Adherence to the MIND diet can improve memory and thinking skills of older adults, even in the presence of Alzheimer’s disease pathology, new data from the Rush Memory and Aging Project (MAP) show.

Suprijono Suharjoto/Fotolia

“The MIND diet was associated with better cognitive functions independently of brain pathologies related to Alzheimer’s disease, suggesting that diet may contribute to cognitive resilience, which ultimately indicates that it is never too late for dementia prevention,” lead author Klodian Dhana, MD, PhD, with the Rush Institute of Healthy Aging at Rush University, Chicago, said in an interview.

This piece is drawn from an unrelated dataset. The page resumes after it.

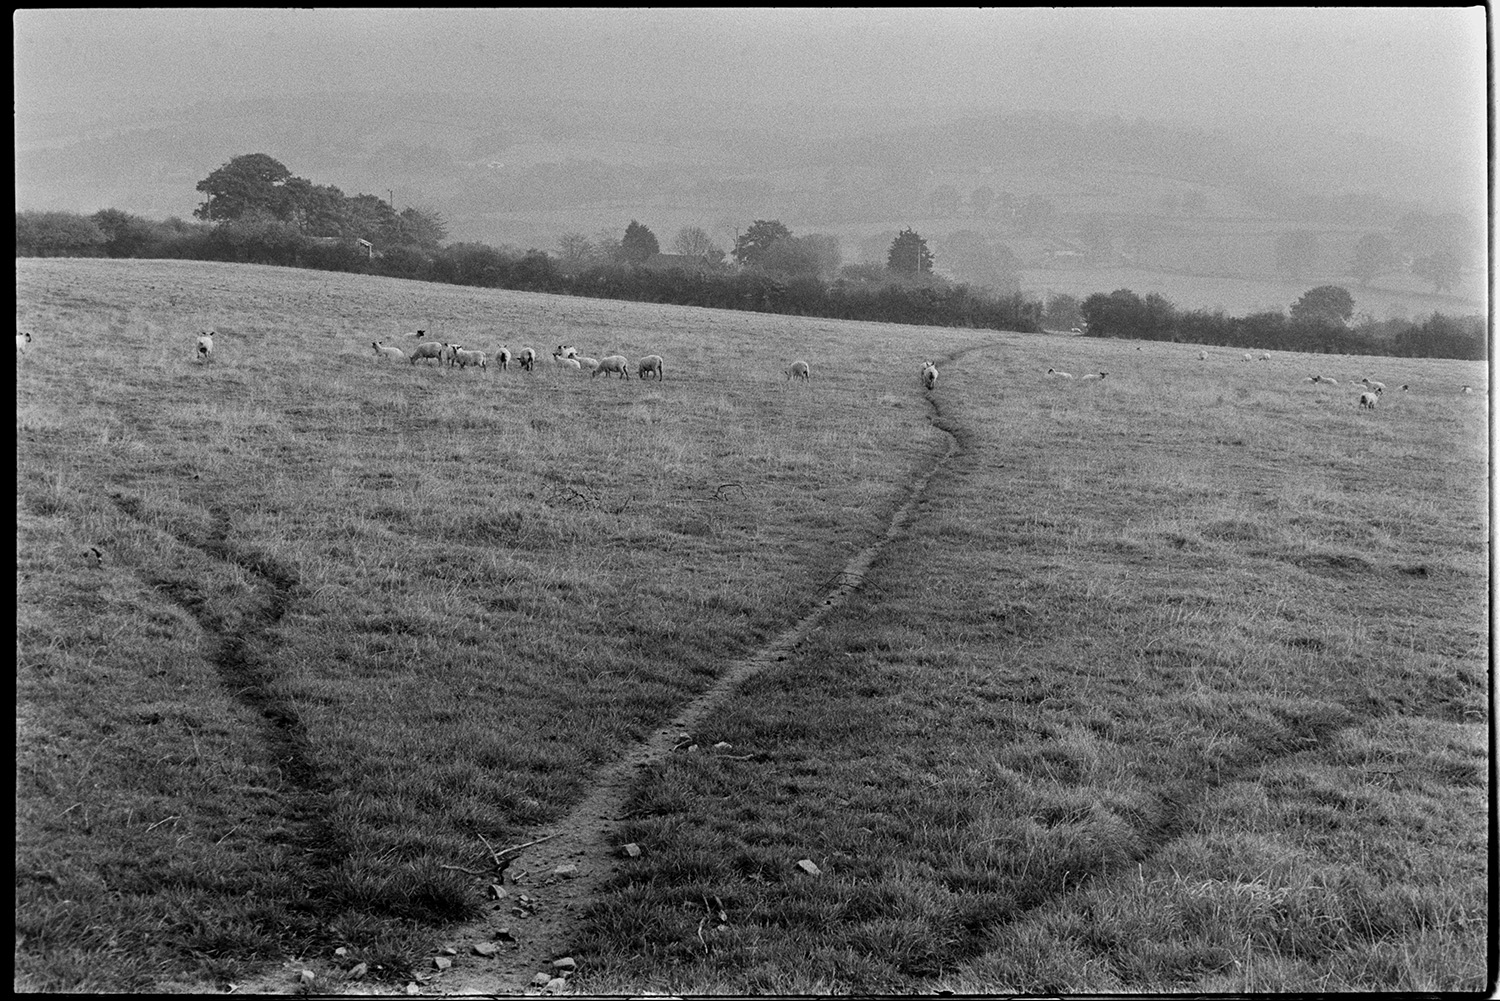 Misty, but very boring views. 
[Sheep grazing in a field with a footpath running through it near Chulmleigh. Trees shrouded in mist can be seen in the background.]

The study was published online Sept. 14, 2021, in the Journal of Alzheimer’s Disease.
 

Impact on brain pathology

“While previous investigations determined that the MIND diet is associated with a slower cognitive decline, the current study furthered the diet and brain health evidence by assessing the impact of brain pathology in the diet-cognition relationship,” Dr. Dhana said.

The MIND diet was pioneered by the late Martha Clare Morris, ScD, a Rush nutritional epidemiologist, who died in 2020 of cancer at age 64. A hybrid of the Mediterranean and DASH (Dietary Approaches to Stop Hypertension) diets, the MIND diet includes green leafy vegetables, fish, nuts, berries, beans, and whole grains and limits consumption of fried and fast foods, sweets, and pastries.

The current study focused on 569 older adults who died while participating in the MAP study, which began in 1997. Participants in the study were mostly White and were without known dementia. All of the participants agreed to undergo annual clinical evaluations. They also agreed to undergo brain autopsy after death.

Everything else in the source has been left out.